ST: To be honest it was just like going to work. Once I had gotten over the first hurdle of taking my clothes off, each day followed more or less the same pattern. I would climb up three flights of stairs to his studio, we would have a chat, he’d give me something delicious to eat and then we’d start work. The first session could last up to 90 minutes until I had a break, but after that I would get more regular breaks as the phone rang or deliverymen came to the flat. He would either cook lunch or take me to a fancy restaurant and then we’d carry on for a couple more hours.
We used to chat while we were working. Sometimes he’d make me laugh so much I almost fell off the sofa. As I spent so much time with him we obviously had some sort of relationship, but it was very much work based. I didn’t ever go out with him when we weren’t working and he rarely phoned me for a chat. That was to be expected as he spent most of his time working, and when I wasn’t in his studio there were other models to be entertained and worked with.
Sue Tilley: Benefits Supervisor Sleeping, 1995 by Lucian Freud. Photograph: Courtesy: Lucian Freud Archive Courtesy: Lucian Freud Archive /Public Domain
AD: He painted four portraits of you. Do you have a personal favourite?
ST: I can put them into order of preference:
AD: How does it feel being a model for one of the most important contemporary artists, and the fact that the paintings of you are internationally recognised. What does it do to a person? Can you describe it?
ST: I have lived a strange kind of life; working in the Jobcentre by day and going to amazing parties and mixing with fabulously creative people at night and on the weekends. When Benefit Supervisor Resting sold for the record-breaking sum, the press tried to make out that I was a poor simple girl from the Jobcentre plucked from obscurity, but this was far from the truth. As exciting as my life was, it’s become even more so since the sale of the painting. I am often asked to contribute to magazines, give talks and even appear on television.

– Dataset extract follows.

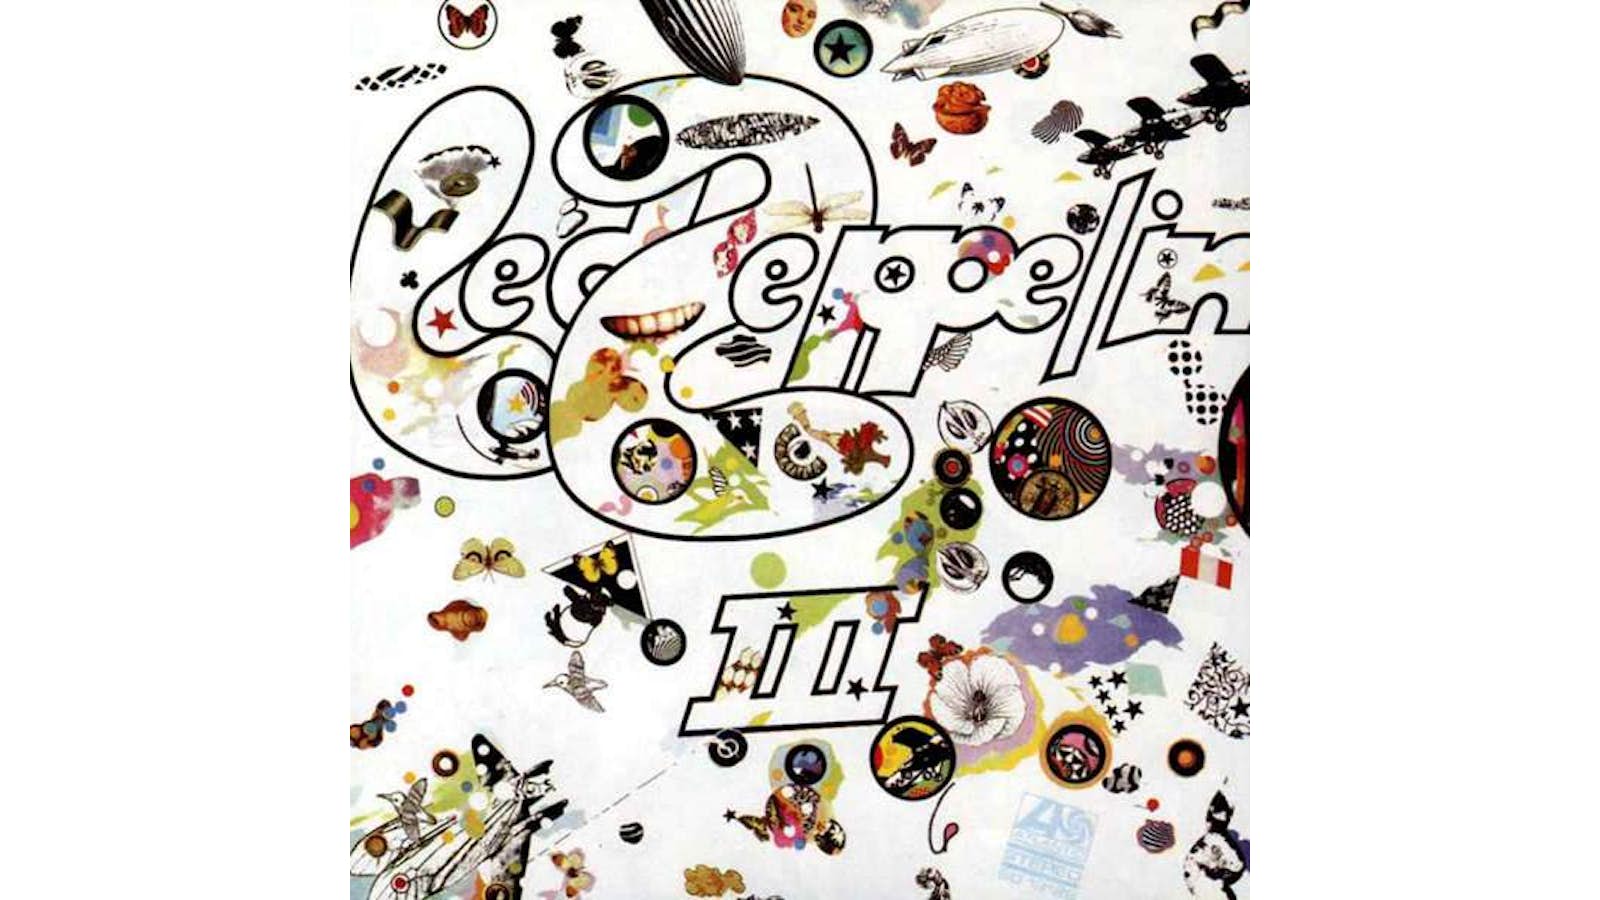 Led Zeppelin - Vinilo Led Zeppelin Iii (Vinilo Original Remasterizado )

When I retired from the Jobcentre I decided to pursue my original passion of painting, and soon got given a big show. I’m sure that wouldn’t have happened if it hadn’t been for my connection to Lucian Freud. I was also asked to design some images to be used in a big Fendi menswear collection, which was a great opportunity.
I am a very down to earth kind of person, so I take it all in my stride. I recently moved away from London to the seaside and I thought all these opportunities would dry up, but in actual fact they seem to have grown. I think that people enjoy coming to St. Leonards to interview me. Even my new flat, that I took great pleasure in decorating and furnishing, was recently featured in the Observer magazine.
AD: How do you reflect on this period?
ST: The time I was sitting for Lucian was actually quite boring as I was mostly working and so couldn’t go out much. When I wasn’t at the jobcentre I had to go to Lucian’s, and the starts were very early. I wish I had taken more notice of what I was doing and kept a diary so that I could remember it all better. A few years ago an unfinished painting of me was shown at The Royal Academy and I can’t even remember him painting it.
AD: Did you pose for other artists?
ST: Sam Taylor Johnson used me in some giant photos that were part of her Turner Prize exhibition and I’ve done a lot of work with the French artist Jacques Bosser. I’m also sometimes asked to model for art classes along with answering questions about Lucian which I enjoy. I often found versions of Lucian’s paintings on Instagram that other artists have done. I like that my image is all over the world.
AD: What was Freud like as a person?
ST: This is a very difficult question to ask as he had a many faceted personality. He could be kind, be horrible, be generous, be mean, be funny, be grumpy, be childish, be old. But mainly he just loved to work. He really was a fascinating man. He enjoyed thinking he could manipulate me, but I could see through him and just laughed at his shenanigans.